Let $P$ be a free $R$ module. To every surjective homomorphism $f:B\rightarrow C$ of $R$ modules and to every homomorphism $g:P\rightarrow C$ there exists a homomorphism $h:P\rightarrow B$ such that $g=f\circ h$

$$\begin{array}{ccccccccc} P\\ \downarrow{h} & \searrow{g} & \\ B & \xrightarrow{f} & C \end{array}$$

Please feel free to edit the diagram to make it look better.

Let $S$ be a basis for $P$. Take $a\in S$, we have $g(a)\in C$. As $f$ is surjective, we have $b\in B$ such that $f(b)=g(a)$. Define $h(a)=b$. We them have $g(a)=f(b)=f(h(a))=(f\circ h)(a)$. Extend this linearly to whole of $P$.

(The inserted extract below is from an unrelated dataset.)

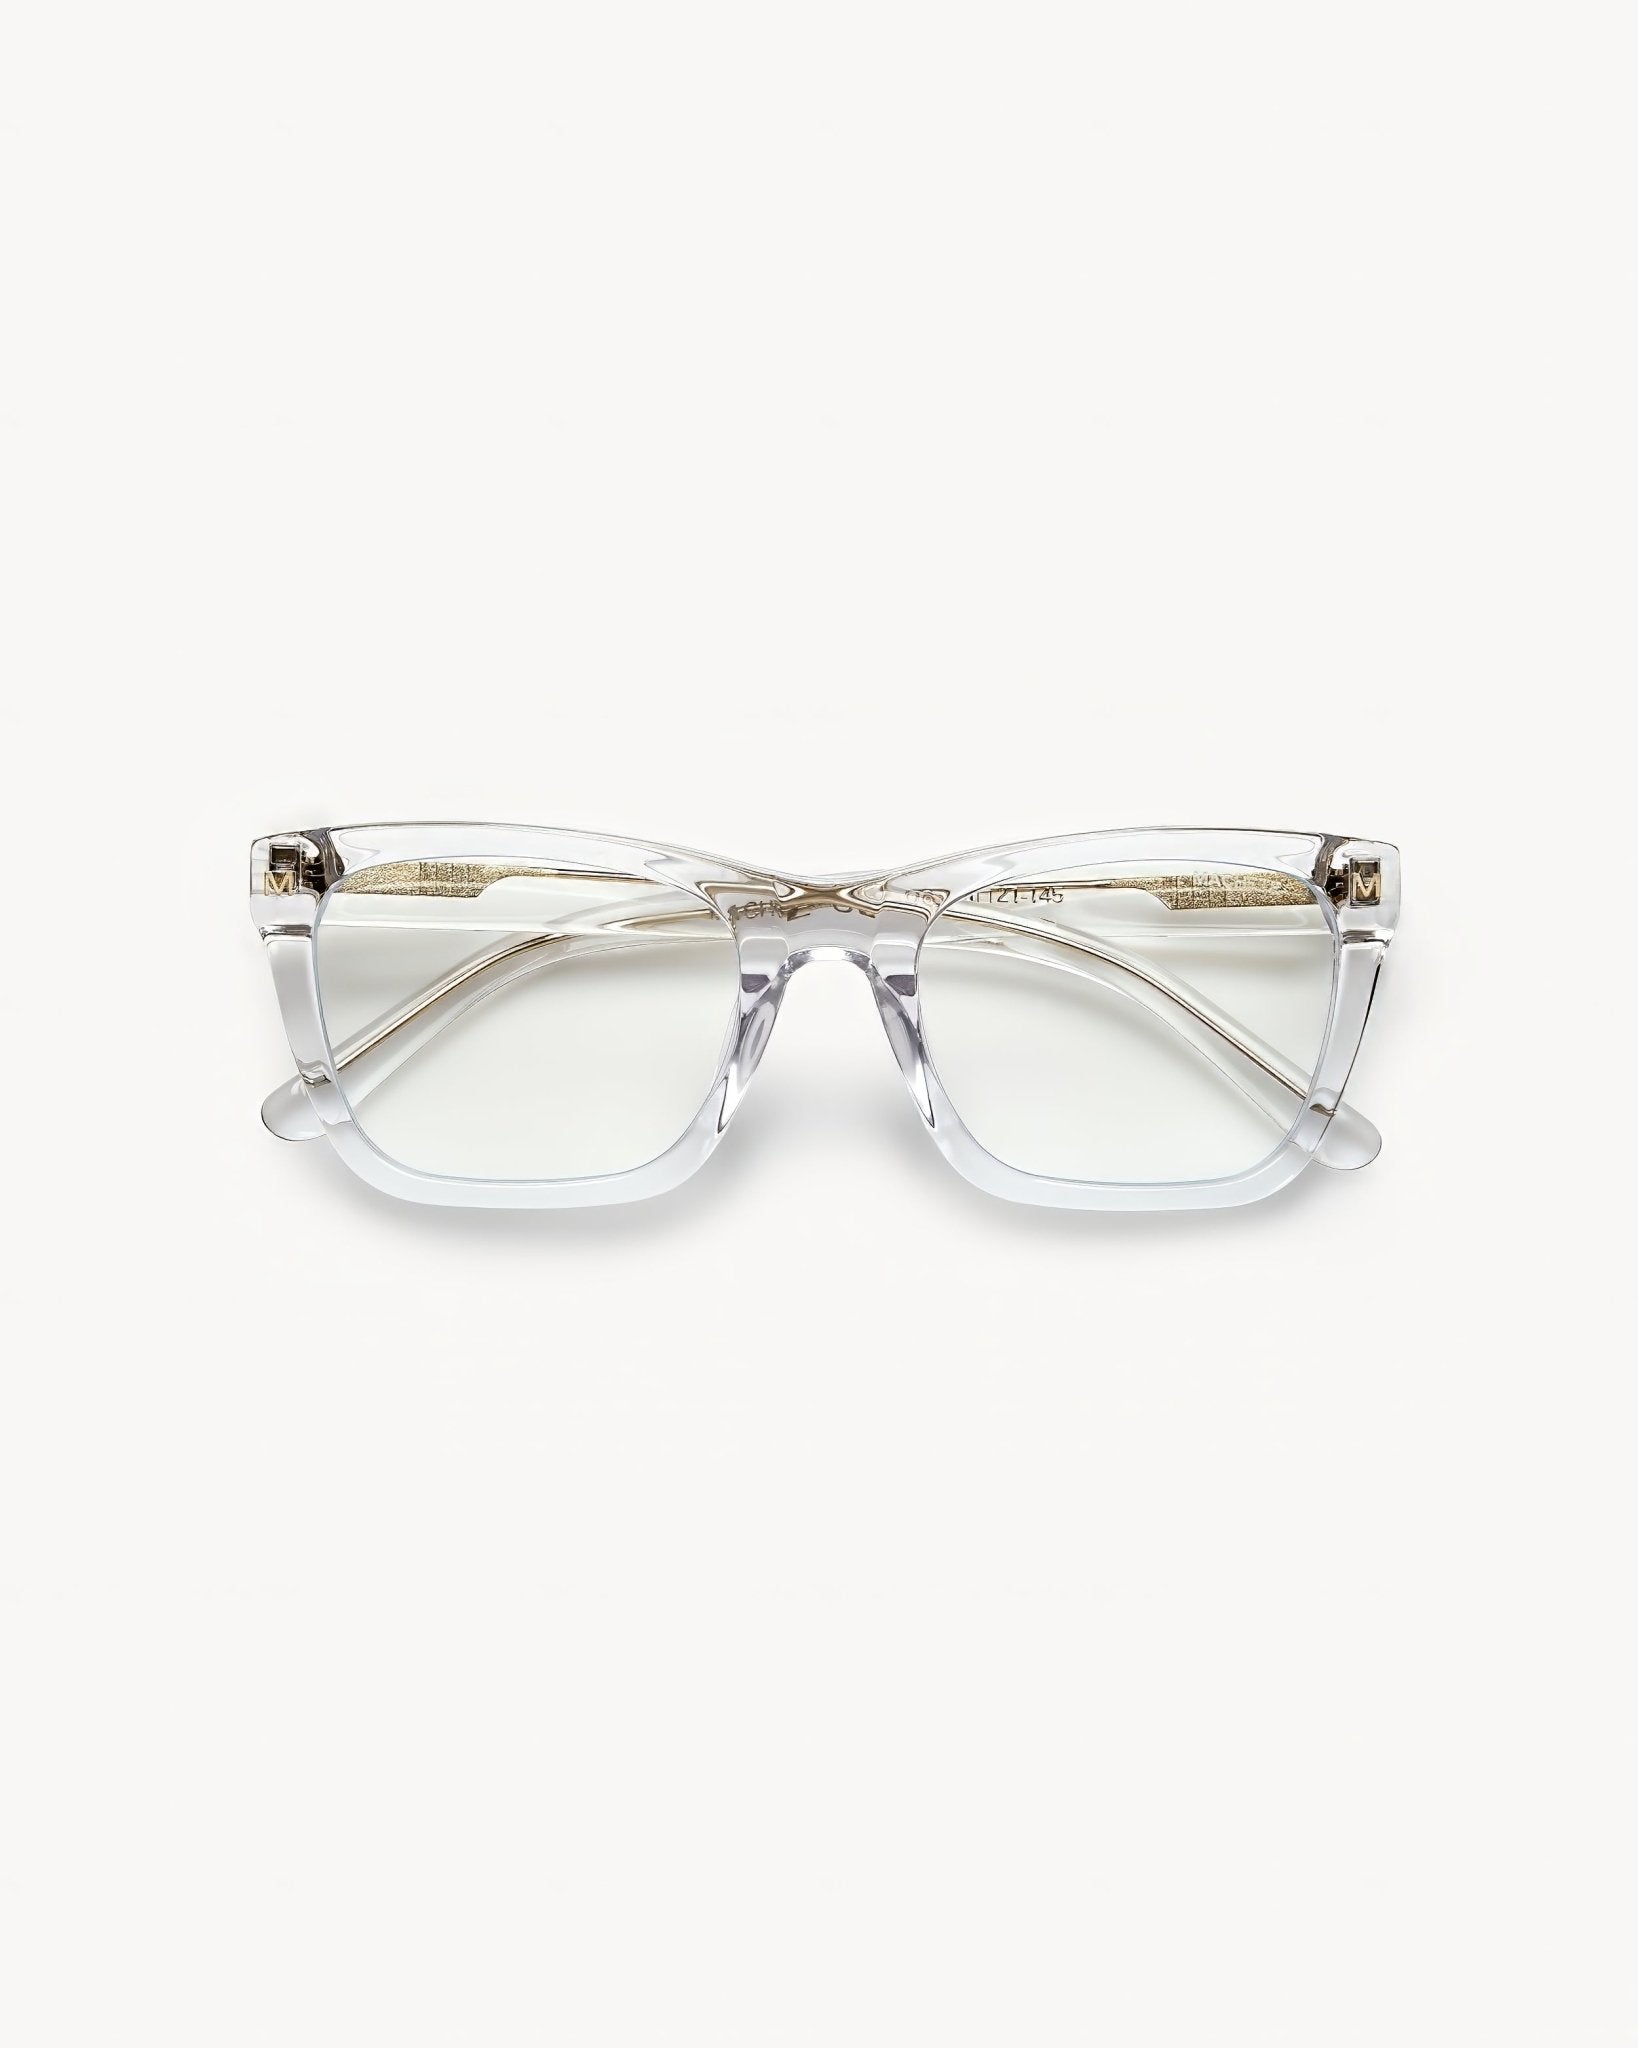 MACHETE Glasses in Clear

It remains to prove that the map is well defined.

Suppose that $a_i\in S$ such that $\sum_{i=1}^na_i=0$. Linear independece of elements of $S$ implies that $a_i=0$. So, $h(\sum_{i=1}^n a_i)=\sum_{i=1}^n h(a_i)=0$.

Please let me know if this justification sufficient enough to say that $h$ is well defined?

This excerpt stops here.